Shocking Details of How China’s Saindak Copper-Gold Deal is Ripping Pakistan Off

The Metallurgy Corporation of China (MCC) will pocket 80 percent of the profits from the freshly-inked Saindak Copper-Gold Project, while the remainder will go to Pakistan.

‘The Unrealized Potential’ report released by the Pakistan Institute of Development Economics (PIDE) addresses Balochistan and how its inhabitants have been recently wronged at the expense of its natural resources.

The report reads: “One of the major complaints of the people of Balochistan is that although the province is resource-rich, the benefits of abundant resources have not accrued to the province’s residents, at least not to an average Baloch.
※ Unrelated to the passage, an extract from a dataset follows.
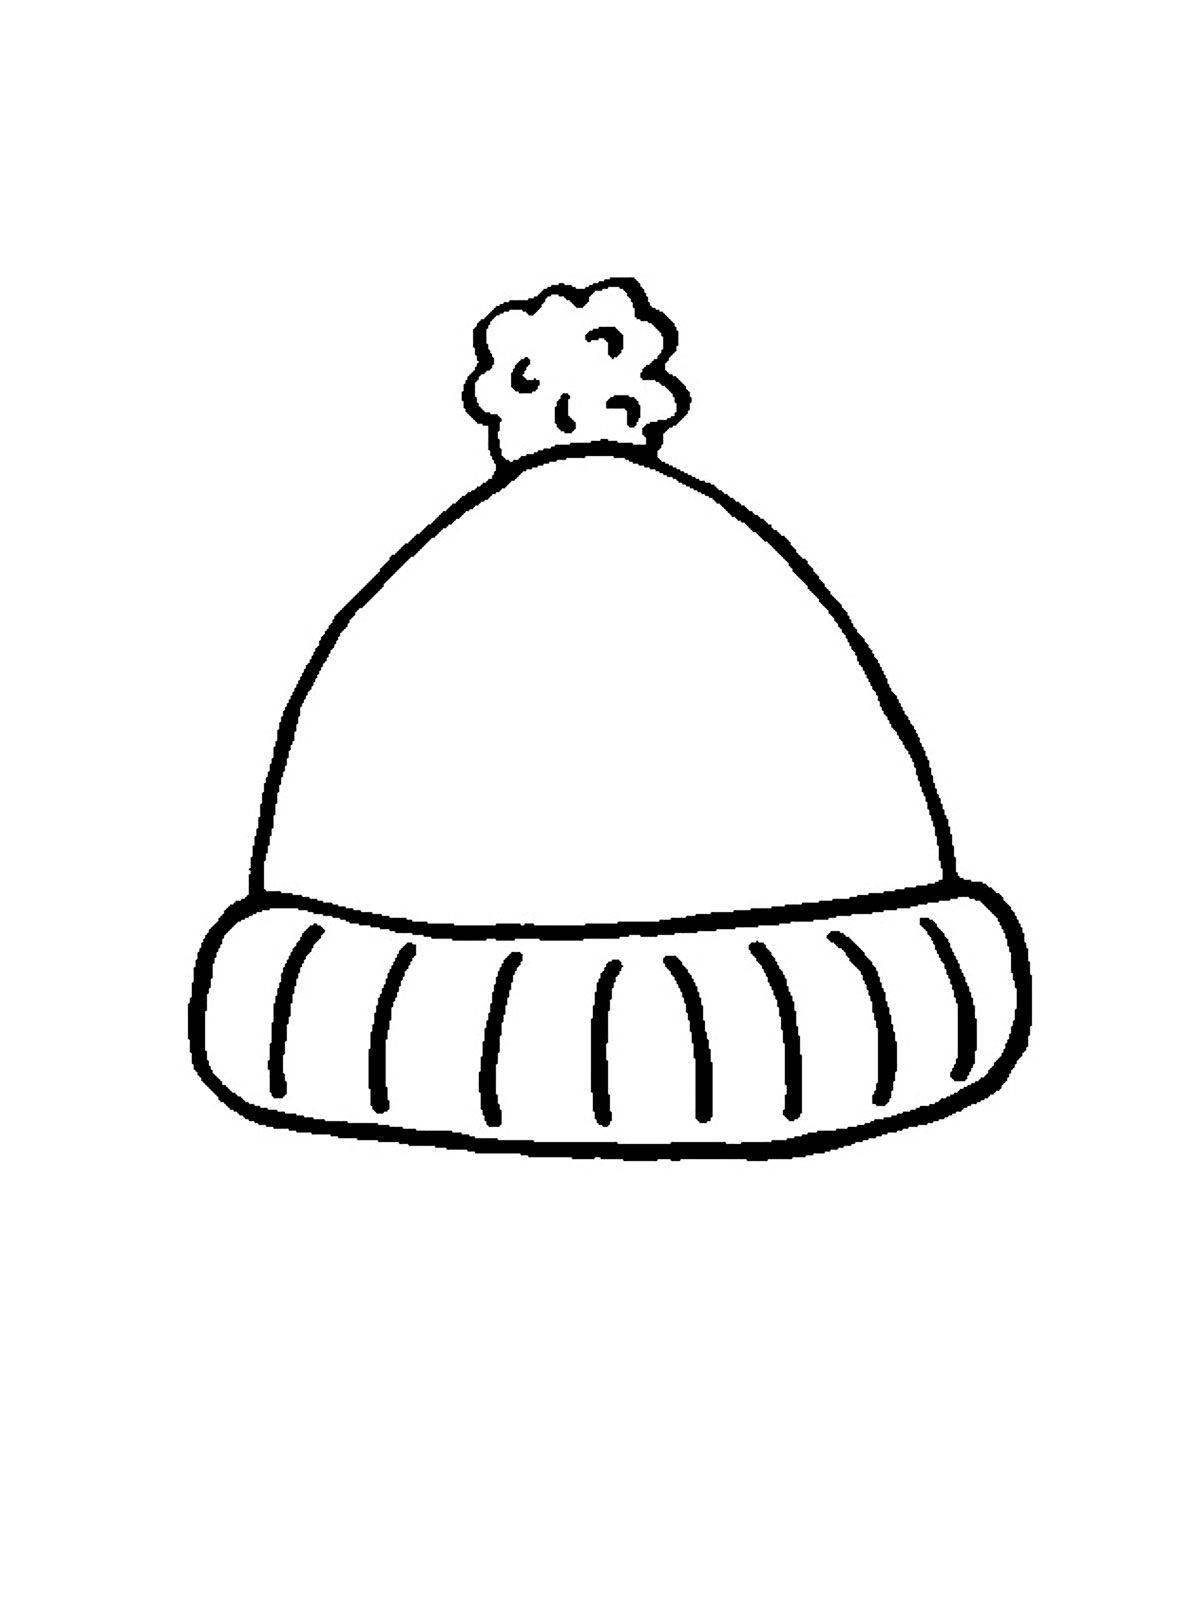 Cute hat and scarf coloring book

The oft-cited example is that of the Saindak Copper Project”.

According to the agreement, on the one hand, China’s MCC will pocket 80 percent of the total profits. On the other hand, the federal government of Pakistan will make just 18 percent while the Government of Balochistan will receive only a bite-sized two percent of the total profits.

The provincial government holds 35 percent shares in the project while the federal government owns 15 percent, and the remaining 50 percent stakes are held by the MCC.
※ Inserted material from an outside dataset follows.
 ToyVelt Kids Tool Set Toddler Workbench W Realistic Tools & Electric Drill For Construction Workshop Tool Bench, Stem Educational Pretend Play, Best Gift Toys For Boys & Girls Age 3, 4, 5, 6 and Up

The report highlights how the Hub Industrial Estate, which was created to boost investment and industrial activity in the province, has so far been unable to benefit Balochistan. “Even the Hub workforce is mostly from Karachi and Sindh,” it highlighted.

Low Investments

The report explains that Balochistan has the lowest gross fixed capital formation (GFCF) in general government services among Pakistan’s four provinces. According to the Pakistan Economic Survey 2020-21, the GFCF in general government services in Balochistan was Rs. 144.5 billion as compared to Rs. 221.0 billion in Punjab, Rs. 227.6 billion in Sindh, and Rs. 183.8 billion in Khyber Pakhtunkhwa.

In terms of other indicators, such as literacy rate and labor force participation rates (LFPR), the report remarked that private investment in Balochistan is quite low. “Low investment in Quetta and Balochistan is puzzling because, apparently, there are many investment opportunities in the region,” it said.

Transportation and Smuggling

The closure of the Taftan and Chaman crossings has significantly harmed informal trade (smuggling) between Pakistan and Iran, as well as Afghanistan. The report suggests that individuals had relied on these trading routes for their livelihood but they have now lost those options. It read: “Even when traders possess the proper import documents, the trucks containing imported goods are stopped at no less than 20 places starting from the Chaman and Taftan borders to other cities and provinces. It delays the merchandise reaching its destinations, increases the cost due to the speed money paid, and creates frustration among the traders”.

Education

Another problem is the lack of education and a skilled labor force in Balochistan. Although education-related indicators — gross enrolment rate and development expenditure on education — are higher in Balochistan when compared to Sindh, they are quite low in comparison with Punjab and Khyber Pakhtunkhwa.

Water

The report also indicates that Balochistan’s water situation is worsening. It detailed that “Hardly 20 percent of localities are connected to the WASA water supply system. While the government believes that Quetta’s water issue would be resolved through Mangi Dam, the business community believes that the Mangi Dam water will be diverted to Defense Housing Authority (DHA) Quetta. DHA Quetta is under construction and is believed to accommodate 30,000 houses in the next ten years. Thus, Mangi Dam might resolve the problem of water availability for the future DHA residents, while the rest of the localities’ water problem would remain if it does not worsen”.

The report even warned that the lack of water is not only a cause of concern for households but is also a threat to the sustainability of agriculture, especially the apple orchards in and around the city of Quetta. Moreover, the spread of real estate and water scarcity is driving farmers away from apple cultivation.

In summary, the report urges the authorities to “address and remove” reservations of the people of Balochistan. It implores that Balochistan is “too important and large a province to be left hanging in the status quo,” and mentions that with the right policies and proper planning, the province can play a significant role in boosting Pakistan’s economy.